Hint: In the Wikipedia articles, headers are surrounded by "==" 

_*E.g., ==  Background == *_

- Define a function called 'get_title' which extracts headers from a text (Use a regular expression)
- Apply this function to the **'text'** column in your pandas data frame (use the pandas 'apply' method)
- Store the result (the list of headers associated with each text in the frame) into a new pandas serie called 'headers'
- Concatenate this series to your pandas dataframe

In [42]:
def get_title(df, column_name):
    # Define the regex pattern to match headers surrounded by "=="
    reg = r'==\s*.*?\s*=='
    
    # Apply the regex pattern to extract headers from each text in the specified column
    df['headers'] = df[column_name].apply(lambda text: re.findall(reg, text))
    
    return df

In [43]:
get_title(df, 'text')

Unnamed: 0,id,category,text,headers
0,Airports_of_Serbia_Airports,Airports,Airports of Serbia (Serbian Cyrillic: Аеродром...,"[== Airports ==, == References ==, == External..."
1,Airport_authority_Airports,Airports,An airport authority is an independent entity ...,[== Examples of airport authorities overseeing...
2,Airport_bus_Airports,Airports,"An airport bus, or airport shuttle bus or airp...","[== On airport transfer ==, === Airside transf..."
3,Airport_check-in_Airports,Airports,Airport check-in is the process whereby passen...,"[== Types of check-in ==, === Destination or P..."
4,Airport_security_Airports,Airports,Airport security refers to the techniques and ...,"[== Description ==, == Airport enforcement aut..."
...,...,...,...,...
154,Votice_City,City,Votice (Czech pronunciation: [ˈvocɪtsɛ]; Germa...,"[== Administrative parts ==, == History ==, ==..."
155,Wetted_area_Building,Building,The surface area that interacts with the worki...,[== References ==]
156,William_Hogarth_Artists,Artists,William Hogarth (; 10 November 1697 – 26 Octo...,"[== Early life ==, == Career ==, === Early wor..."
157,Wolfgang_Nordwig_Sportspeople,Sportspeople,Wolfgang Nordwig (born 27 August 1943) is a fo...,"[== Athletic career ==, === World rankings ==,..."

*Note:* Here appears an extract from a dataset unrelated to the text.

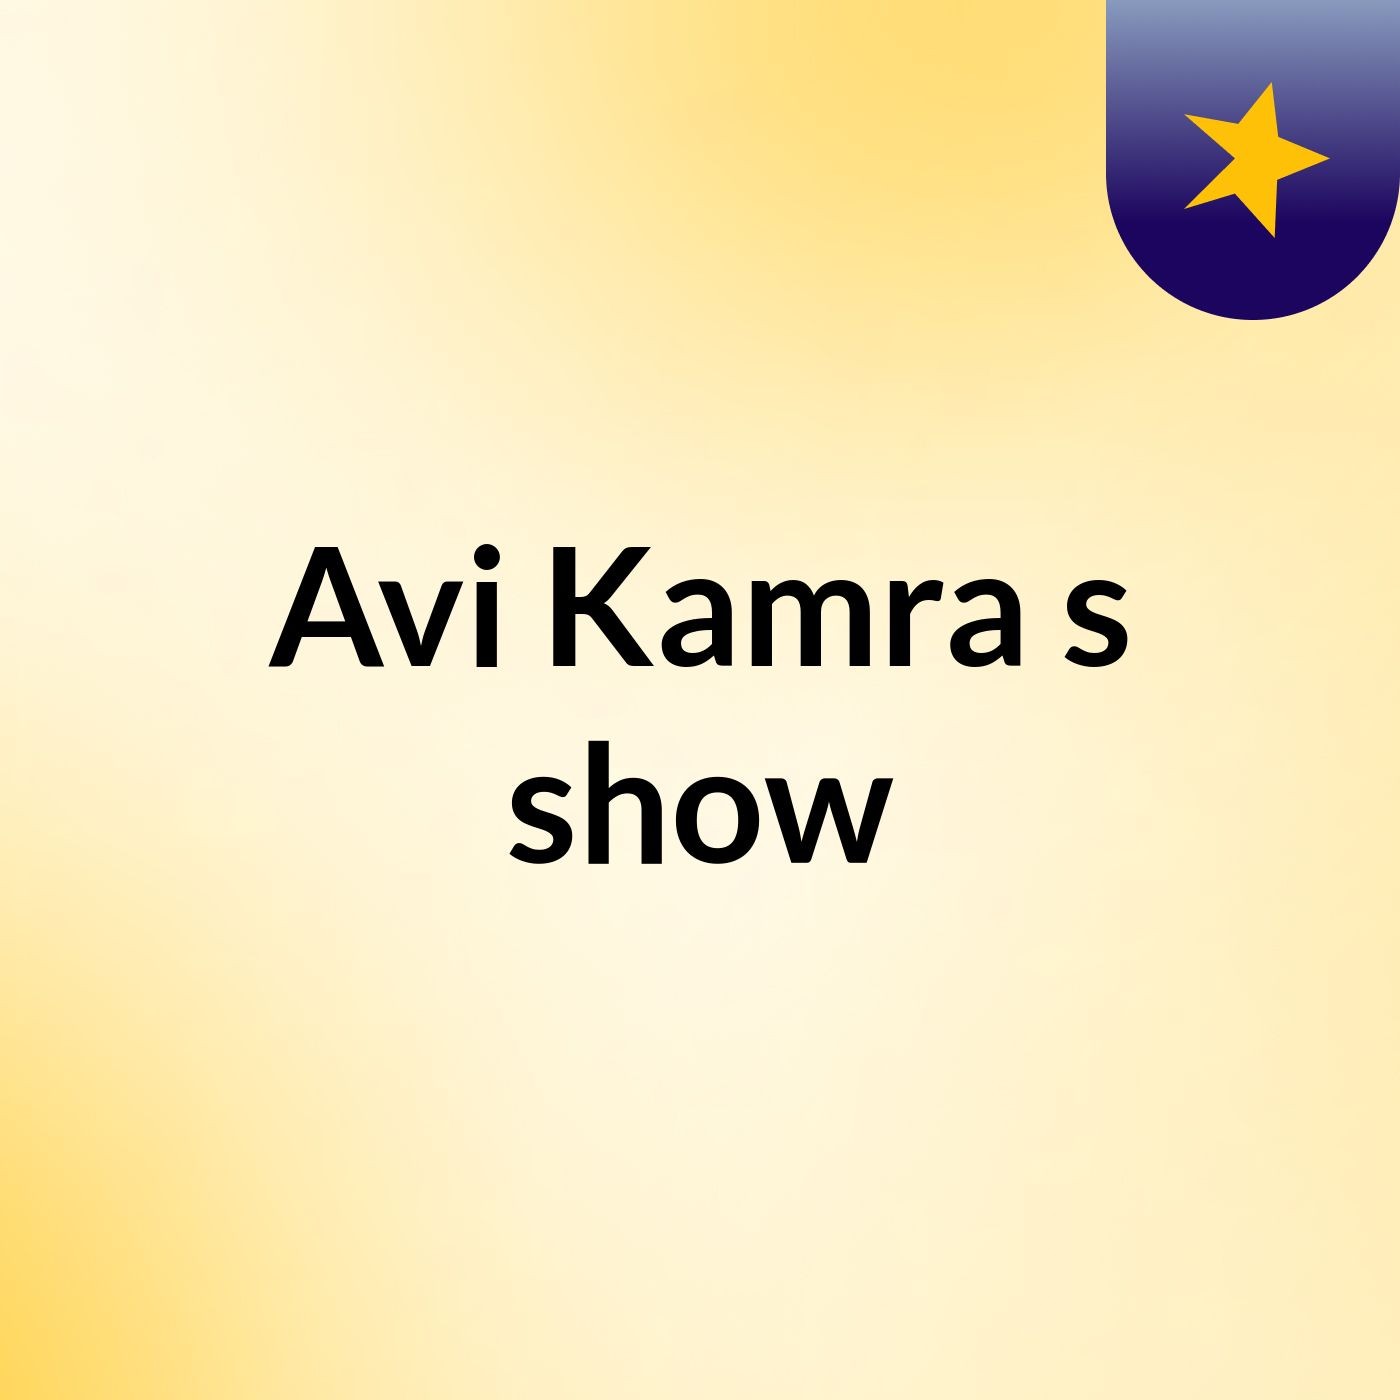 Avi Kamra's show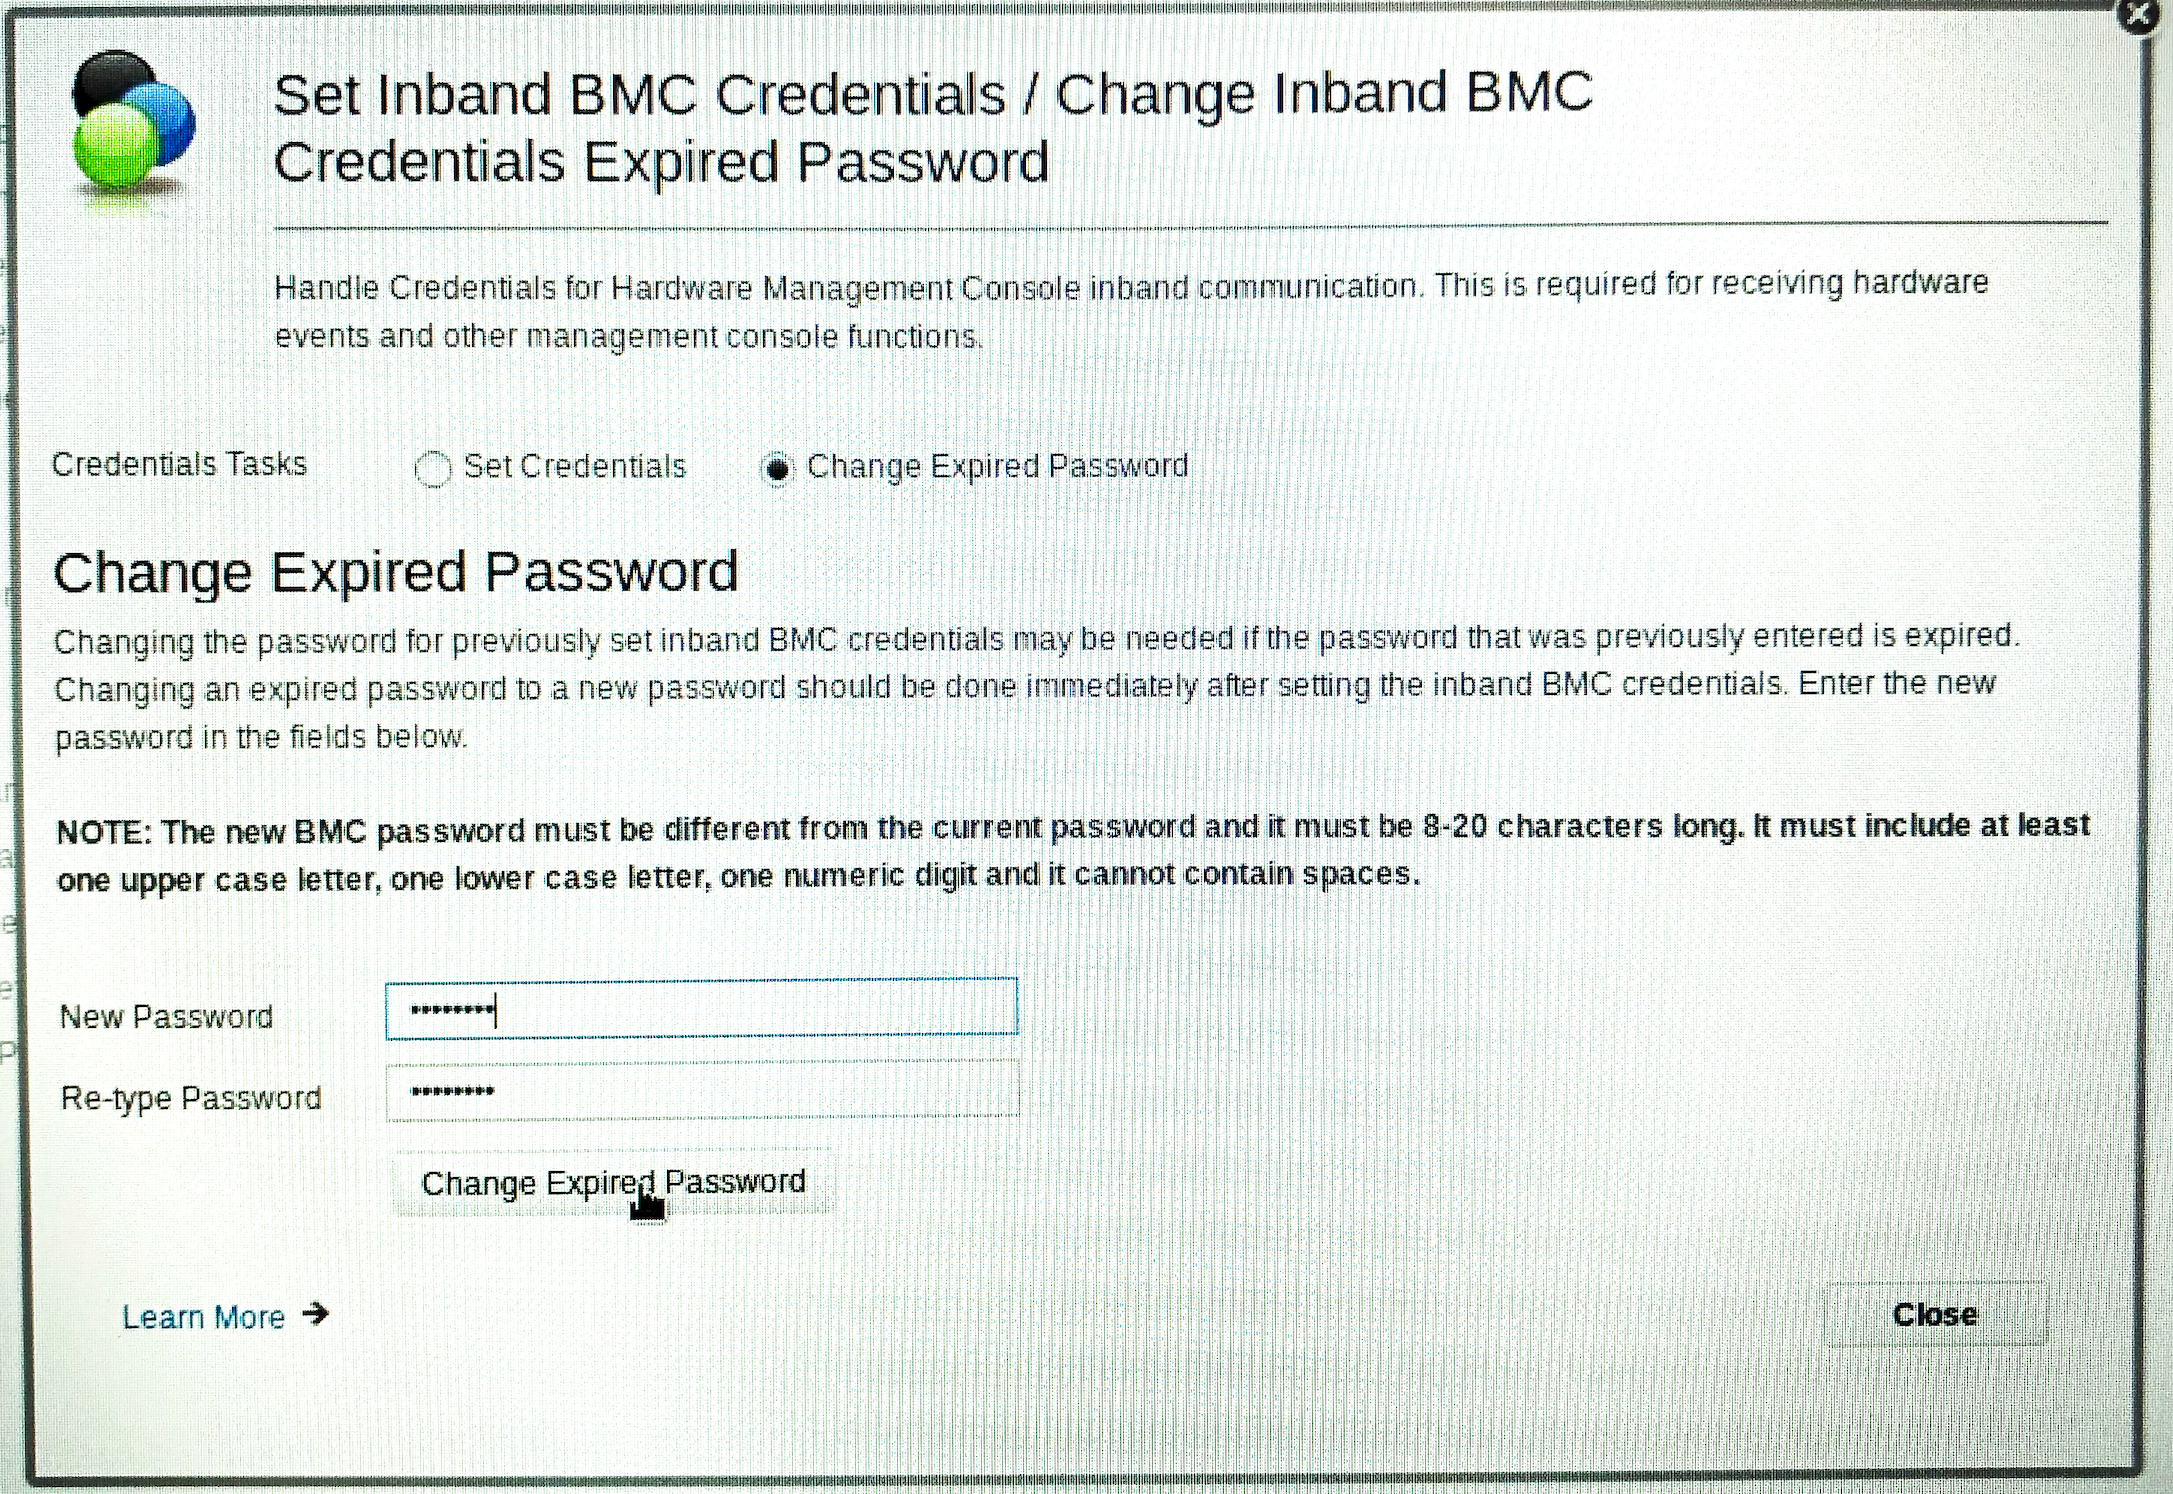 cr2 inband credentials expired set password

## Extracting the vocabulary of each category

For each category, we extract the corresponding vocabulary i.e., the list of tokens occurring in the corresponding texts (removing the duplicates)


Optional: for each category
- extract the list of headers
- extract the noun and verbs 

**Exercise 6**

* write a function called "remove_underscores" that takes a python string and replace all the '_' in it with a whitespace ' '. e.g. "This_is_a_text" becomes  "This is a text"
* write a function called "lowercase_string" that takes a python string and lowercases it. e.g. "This is a text" becomes  "this is a text"
* apply both of the remove_underscores and lowercase_string functions on the **'clean_text'** column of your dataframe. Save the output into a new column in your dataframe called 'clean_text' (consider using method chaining)

In [None]:
def  remove_underscores():
    

**Exercise 7**

- Define a function 'get_tokens' which, given a category, return its vocabulary (the list of tokens occurring in the texts of that category and after removing the duplicates). One way to do this is to:
   - extract the category subframe i.e., all rows whose category column matches the input category
   - create a string out of the text column of that subframe (use str.cat(sep=" "), cf. Pandas CS)
   - run spacy or Stanza model on this string and extract the tokens from the resulting document (cf. Stanza or spacy CS)
   - use python set method to remove duplicate tokens
   - use python list method to convert the resulting set back into a list
- Create a new dataframe with headers **'CATEGORY'** and **'VOCABULARY'** in which you store for each category the corresponding vocabulary

In [None]:
# YOUR CODE HERE

## Visualising the differences in vocabulary size

**Exercise 8**

- Use pandas 'apply' method to compute the size of each category's vocabulary (the number of tokens)
- Add a **'VOCAB SIZE'** column to your the dataframe created in the previous exercise in which you input the size of the vocabulary for each category

In [None]:
# YOUR CODE HERE

**Exercise 9**

Create a barplot showing the **VOCAB SIZE** of each **Category** (use e.g., pd.barh() method)

- the y axis should show the categories
- the x axis should show the vocabulary size

In [None]:
# YOUR CODE HERE

**Exercise 10**
* create a scatter plot showing the correlation between the number of headers and each category
* reminder: you have the headers stored in the pandas dataframe saved to the 'df' variable

In [None]:
# YOUR CODE HERE